Submitted by jpedrin on Wed, 2016-12-21 16:27

**Happy Holidays from the MGH Biostatistics Center**

Many investigators use Excel spreadsheets or Access as a database for clinical data. In order to analyze data in a statistical package, it is usually necessary first convert your Access database or Excel spreadsheets into tables that can be read into statistical packages. By following the guidelines below, investigators can structure their spreadsheets so that the conversion is simple. Click here for a video demonstration of how to construct your Excel sheet.

The most common format of a dataset for statistical analysis is a rectangular grid of rows and columns. Each column represents a data element or variable (corresponding to a field in Access) such as age, gender, blood pressure, etc. while each row is the observed values for one patient at one particular point in time. Some sample data from a clinical trial on the effect of caffeine on blood pressure might look like Table 1 and Table 2.

The field names used by SAS and other packages must be no more than 32 characters, must contain only letters, digits, underscore and must not start with a digit. In SAS, upper case and lower case letters are equivalent so that two columns named AGE and age would cause confusion. You can use mixed uppercase and lowercase to make the field names more readable but make sure that the field name is unique (within the table) when converted to all uppercase.

Most statistical packages support at least two data types, numeric and character (text). If a variable is numeric don’t enter any characters in that column (except for the field name in row 1). To enter a missing numeric value just leave the cell blank.

Do NOT use quotes, the number sign (#) or commas in your text fields or as codes because these have special meanings in statistical packages.
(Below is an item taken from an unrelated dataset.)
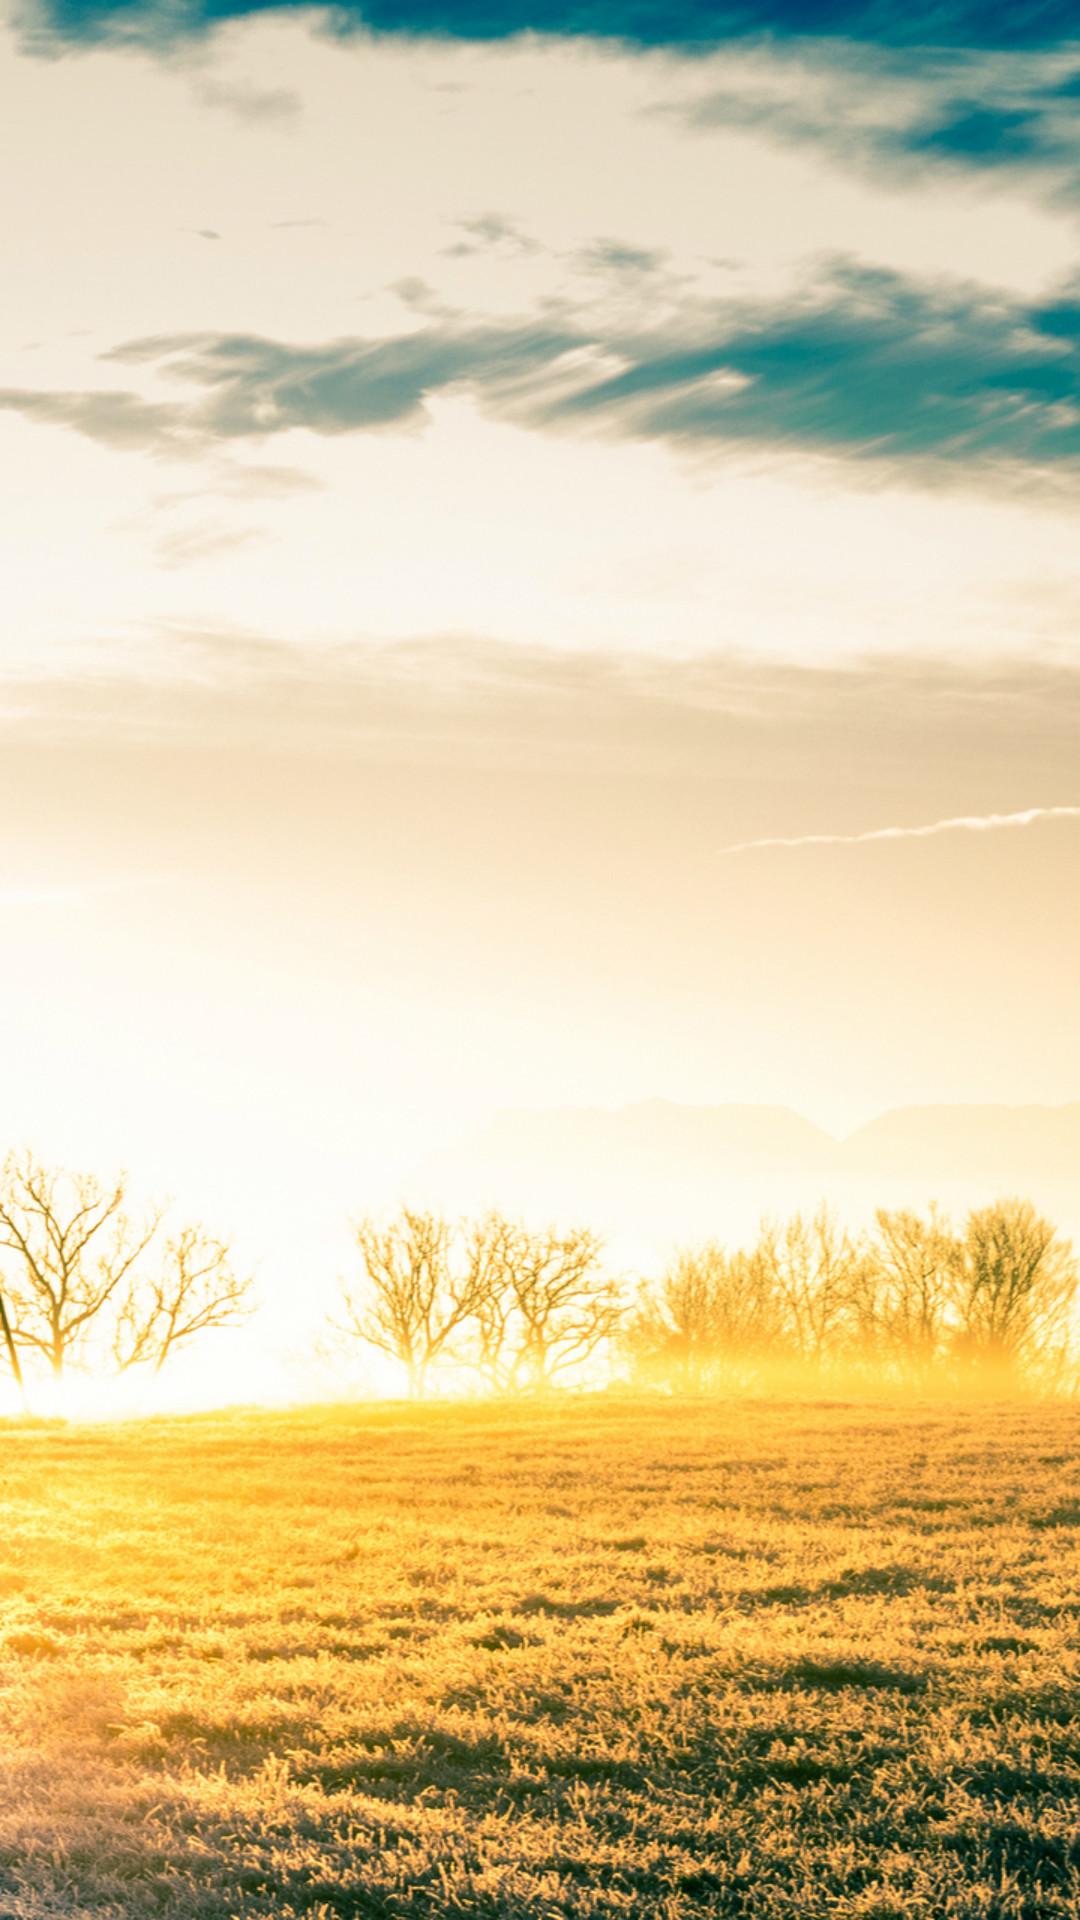 Vast Bright Golden Wither Grass Field iPhone 7 wallpaper

For example, if you want an abbreviation for inches use in or spell it out rather than using the quotes. For names such as O’Brien, use OBrien.

Use the same field name for a subject id (e.g. ID, PatID, PatientID) in all tables where the id’s should match. If you have codes for visits, e.g. baseline, week1, week2, discharge, use the same codes in all tables. Use the same field name for the visit field (e.g. Visit) in all tables.

IMPORTANT: The information that you include on a spreadsheet that will be used by multiple researchers must follow HIPAA guidelines for patient confidentiality.

When possible enter dichotomous variables as numeric with 1=yes and 0=no. This makes them easier to include in analyses such as logistic regression without conversion.

Do not use formulas for cell values. The sheet must be simple rows by columns (fields). If you are going to use Excel to compute things, e.g. means or percentages, then make a copy of the file before you do it. Also, make a code book and place it on a separate sheet. This way you have built in documentation for your data.

An important additional table to include in your Excel file or Access database is a code book. The code book includes a row for each variable in each table, and four features of each variable should be described. The first feature (TABLE) is the table in which the variable is located. If you have only one table, this feature is not needed. The second feature is the name of the variable in the table (FIELD). The third feature is a descriptive label of the variable (LABEL). Finally, the fourth feature provides a code for any categorical or binary variables (CODE).

PID | Age | Female | TX |
---|---|---|---|

101 | 23 | 1 | 1 |

102 | 14 | 0 | 0 |

101 | 25 | 0 | 1 |

PID | Visit | Blood pressure |
---|---|---|

101 | 0 | 121 |

101 | 1 | 123 |

101 | 2 | 124 |

102 | 0 | 142 |

102 | 1 | 147 |

102 | 2 | 145 |

103 | 0 | 161 |

103 | 1 | 165 |

103 | 2 | 168 |

Table | Field | Label | Code |
---|---|---|---|

Baseline | PID | patient id | |

Baseline | Age | age (years) | |

Baseline | Female | female gender | 1=female, 0=male |

Baseline | TX | treatment | 1=regular, 0=decaf |

Visit | PID | patient id | |

Visit | Visit | visit | 0=Baseline,1=6 month, 2=12 month |

Visit | Blood pressure | Systolic blood pressure (mmHg) |

Click here for a video of how to import data into STATA.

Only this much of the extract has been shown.